To date, only three studies have examined relationships between the experience of stressors/trauma and HCC in children, and none have looked at traumatic events more than 12 months prior to HCC sampling. Groeneveld et al. (2013) collected a hair sample that included growth for three months prior to, and two months after, school entry in a cohort of children and found that HCC rose significantly at school entry, an effect associated with high temperamental fearfulness. Vanaelst et al. (2012) examined different cortisol methods and stressors over the prior 12 months in elementary school girls and found that average morning salivary cortisol reflected recent stress (three months), whereas HCC better reflected chronic stress (6–12 months), with positive associations present for both. Using the same cohort, Vanaelst et al. (2013) also examined the relationship between levels of hair cortisone (a metabolite of cortisol) and significant life events and found that hair cortisone was positively associated with both an overall life-event score and a negative life-event score for the prior six months. Three studies have been conducted with HCC in 1-year old infants, and report positive associations with parenting stress (Palmer et al., 2013), certain sociodemographic risk factors, both prenatal (Karlen et al., 2013) and post-natal (Karlen et al., 2015), and with subsequent risk for childhood disease onset to the age of 10 years (Karlen et al., 2015). This suggests that HCC (and cortisone) may be a useful biomarker of stressor/trauma exposure. However, it also raises some important questions, such as whether this association persists after comprehensive adjustment for other relevant variables, including general demographic factors (age, sex, BMI) and state psychological symptoms.

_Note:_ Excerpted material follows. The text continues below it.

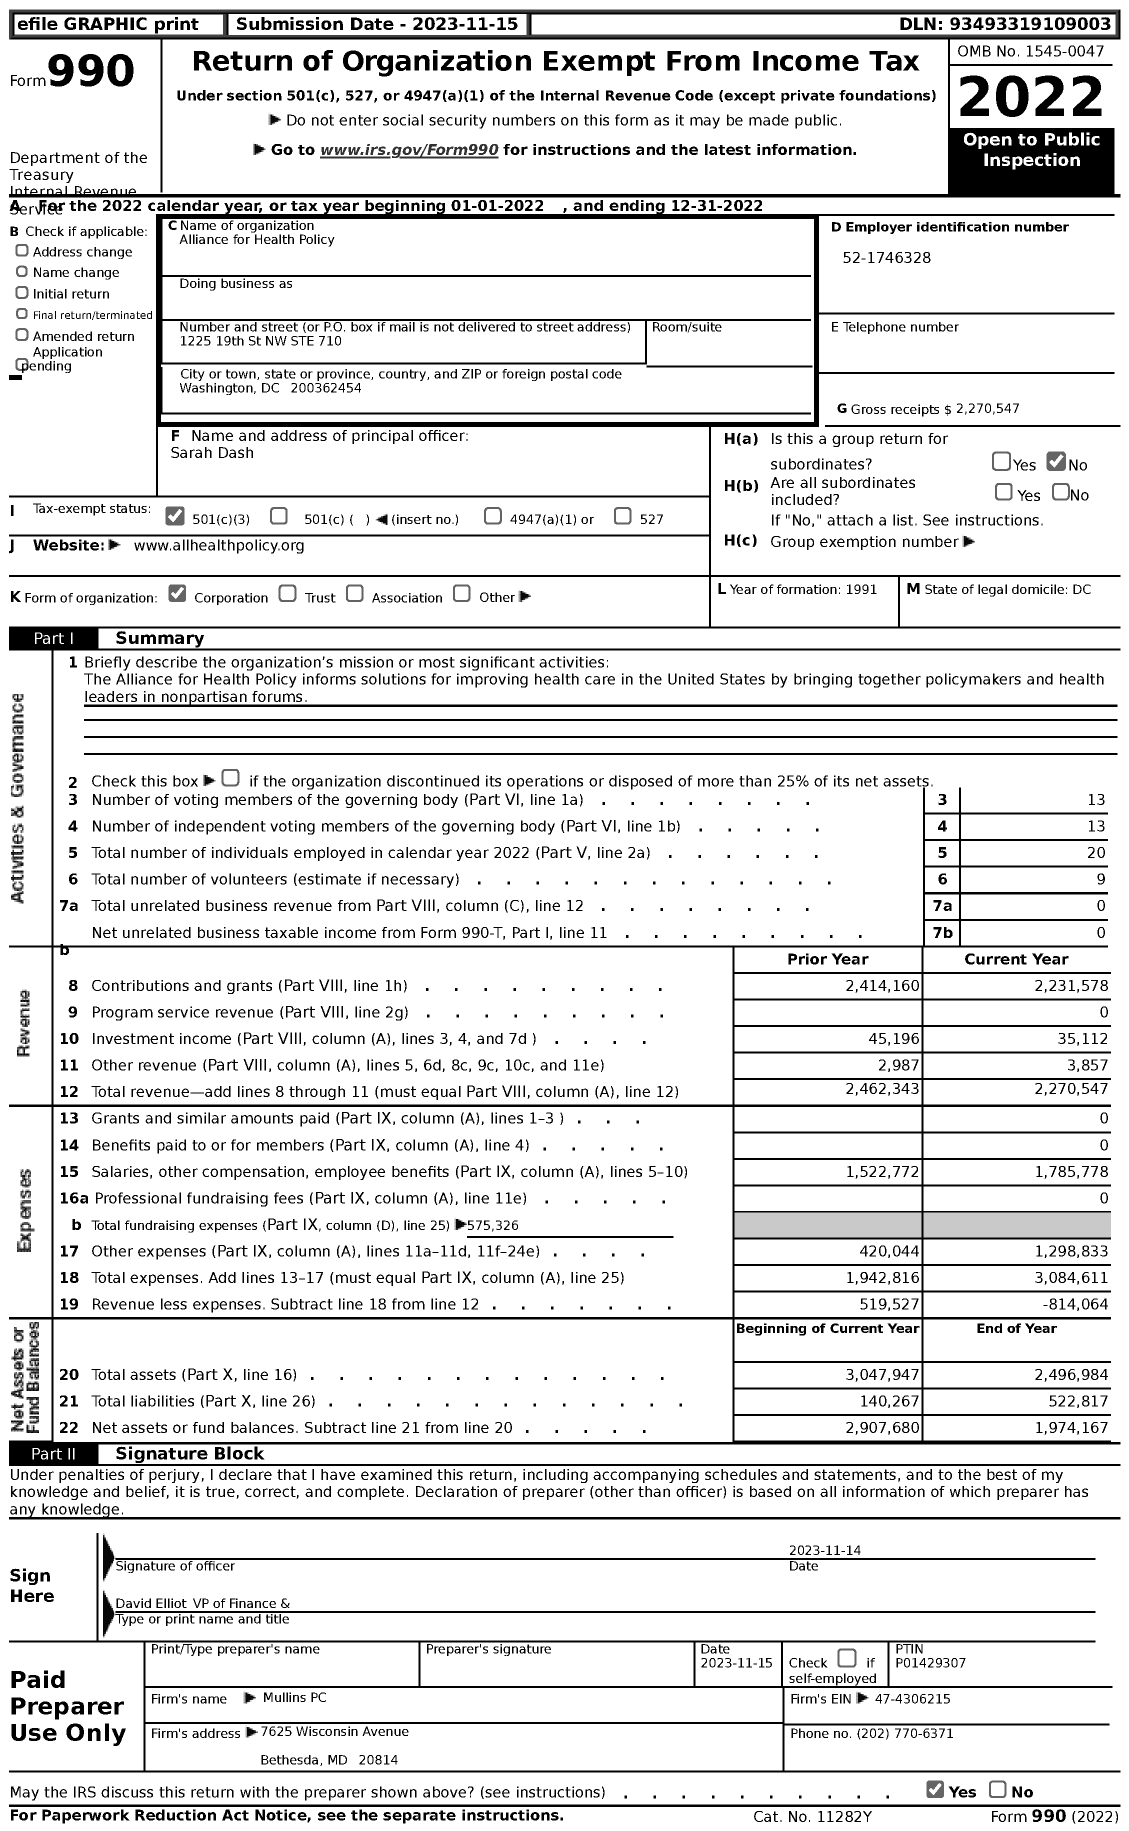 Image of first page of 2022 Form 990 for Alliance for Health Policy
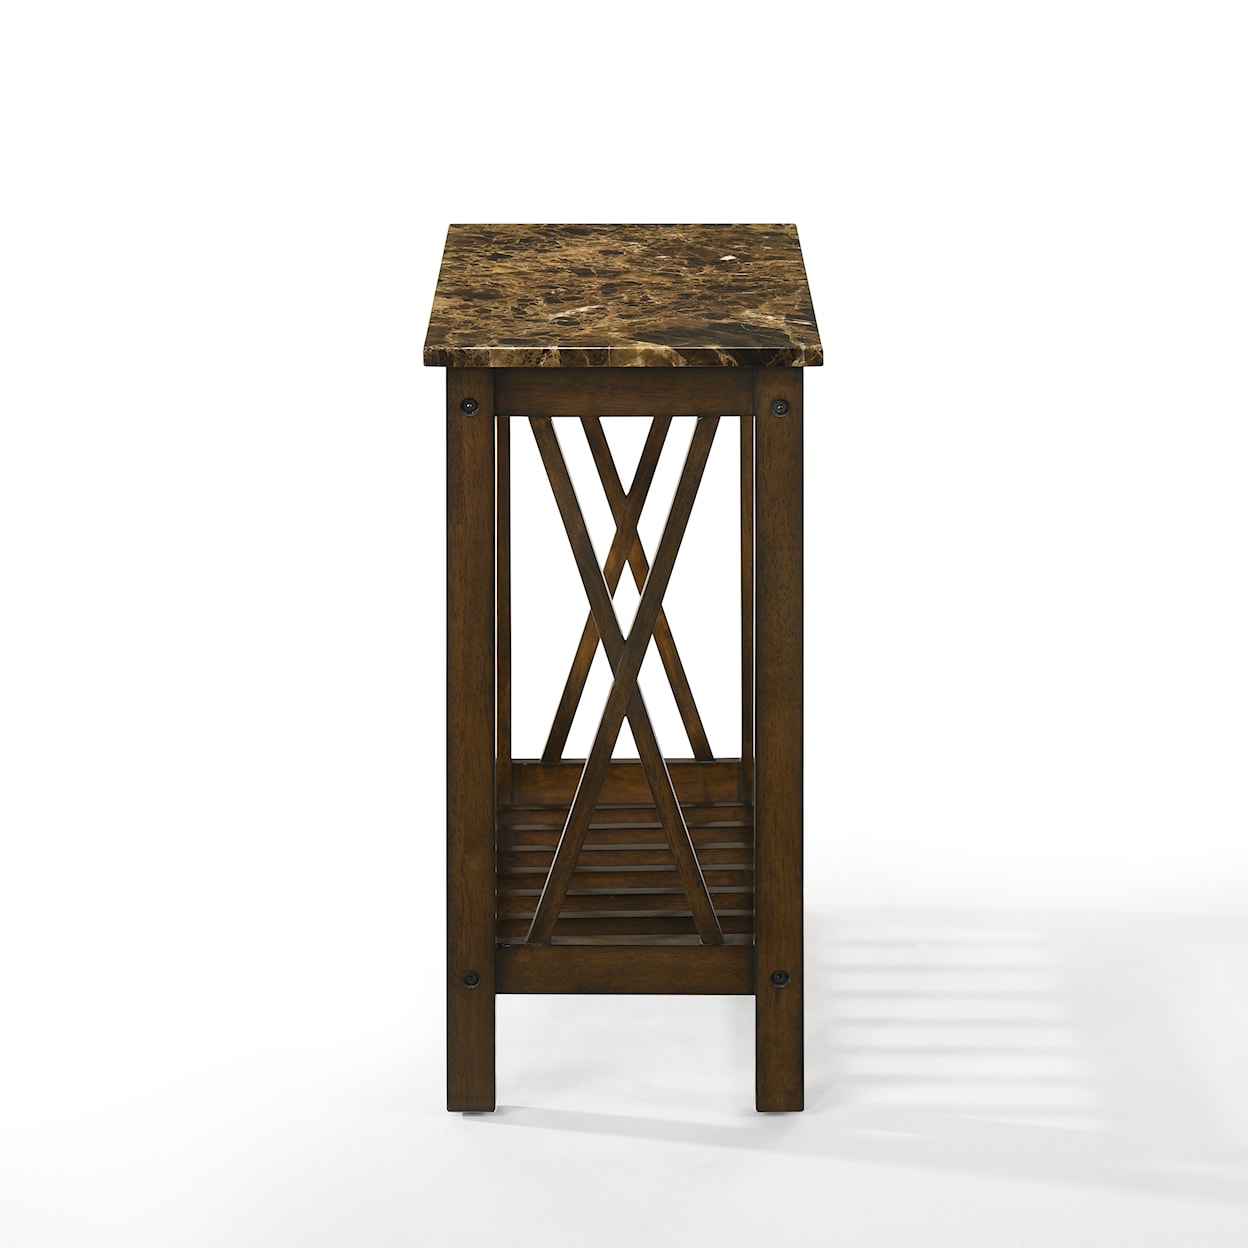 New Classic Eden End Table

The purpose of this study was to examine relationships between lifetime exposure to traumatic events, depression and HCC in children. Based on previous findings, it was hypothesized that lifetime exposure to (i) more types of trauma, and to (ii) a greater number of traumatic events (across type), would both be significantly associated with elevated HCC. To examine the relationship between more proximate adverse states and HCC, we also investigated whether current depressive symptoms were associated with HCC. Although the inconsistent findings with adults and lack of studies with children in relation to HCC and depression do not point to a clear hypothesis, we conjecture that sufficiently high levels of depressive symptoms might be associated with elevated HCC (as per Stalder et al., 2014). Given previously identified relationships between HCC and sex (Dettenborn et al., 2012b), age (Dettenborn et al., 2012b) and BMI (Noppe et al., 2014, Veldhorst et al., 2014), we also investigated bivariate relationships between these variables and participants’ HCC, and whether exposure to traumatic events was associated with HCC after controlling for these potential covariates.